James: One thing that really helped [get me started on the assignment] was the first 
thing that was kind of mandatory. It helped give us a kick in the pants. We had 
to do research on stuff from our childhood. And that got ideas flowing and just 
the nostalgia got my mind thinking. That was fun.... As I was doing that I was 
writing down the ideas so I could use them later. After I had all those listed 
down I just started - starting was the hardest part — once I thought of a line 
(like we had to have an anchor line which is the main idea), I started with that 
and then I started throwing in the ideas that I had listed, and as I expressed 
them I filled up the page and then the ideas kind of flowed and the entire thing 
just kind of came out once I was looking at the idea I had written down. 

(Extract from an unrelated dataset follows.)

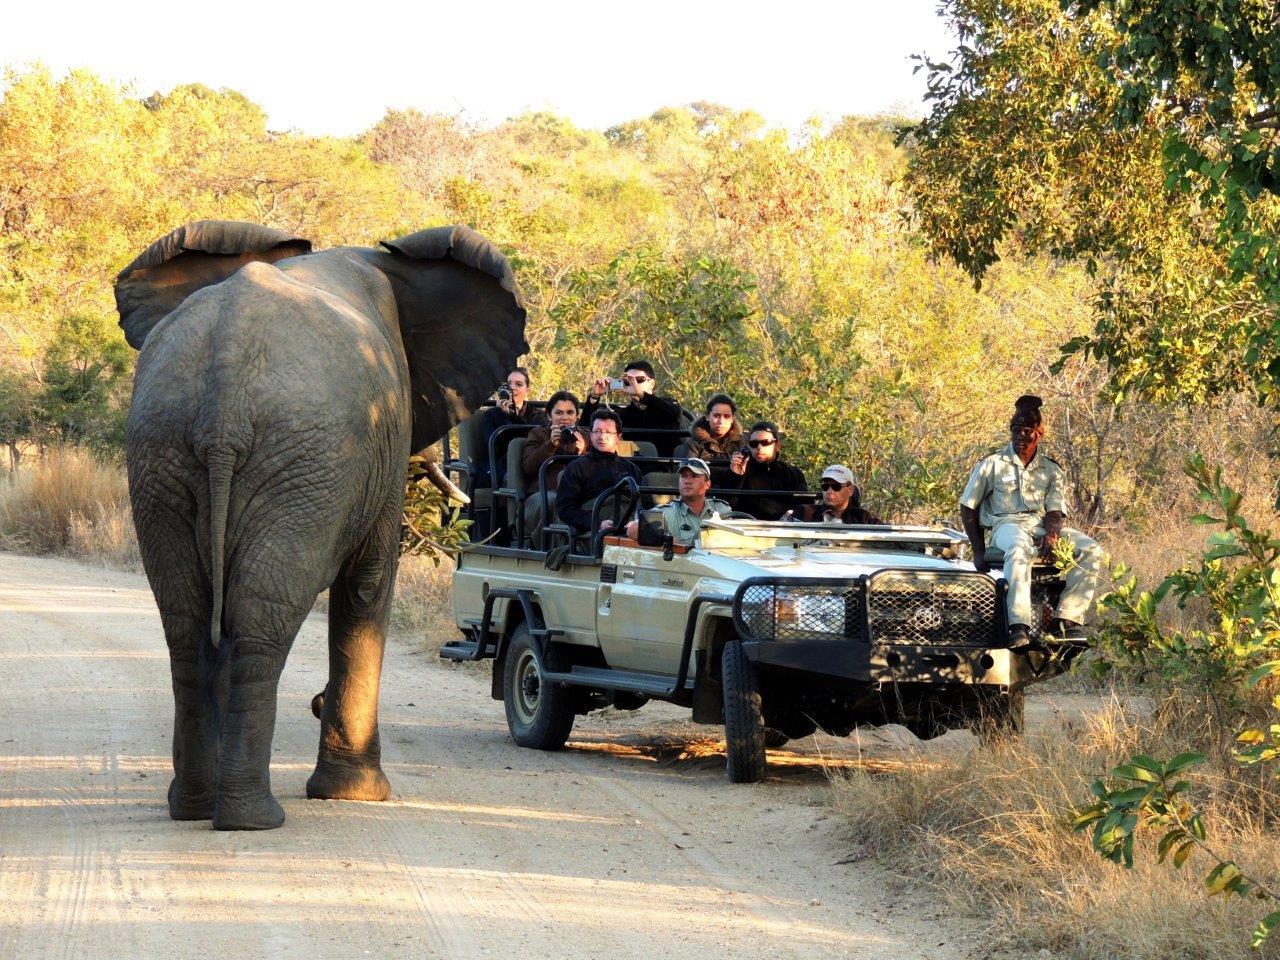 Pacote de viagens para áfrica do Sul Kriger park - Confira 6 dicas para fazer safári na África que você precisa conhecer!

David: OK, did the ideas come while you were writing or before you did the 

writing? 

James: While I did the writing. When I first start I have no idea what I am talking 
about. 

David: So you develop the idea while you do the writing. Once you’ve got that first 
draft, or that first go-through done, do you go back through it at all or is it 
pretty much finished? 

James: I pretty much go through it to make sure I didn’t do any spelling or grammar 
errors. But usually when I am writing I don’t like to change my ideas because I 
am in a completely different mind set than when I was writing it, because my 
mind is completely different about five minutes after I completed writing it. So 
I am thinking I just will go through it, I don’t want to edit it too much because 
then it usually ends up sounding like my ideas weren’t flowing as well , so I 
will just make sure it is grammatically correct. 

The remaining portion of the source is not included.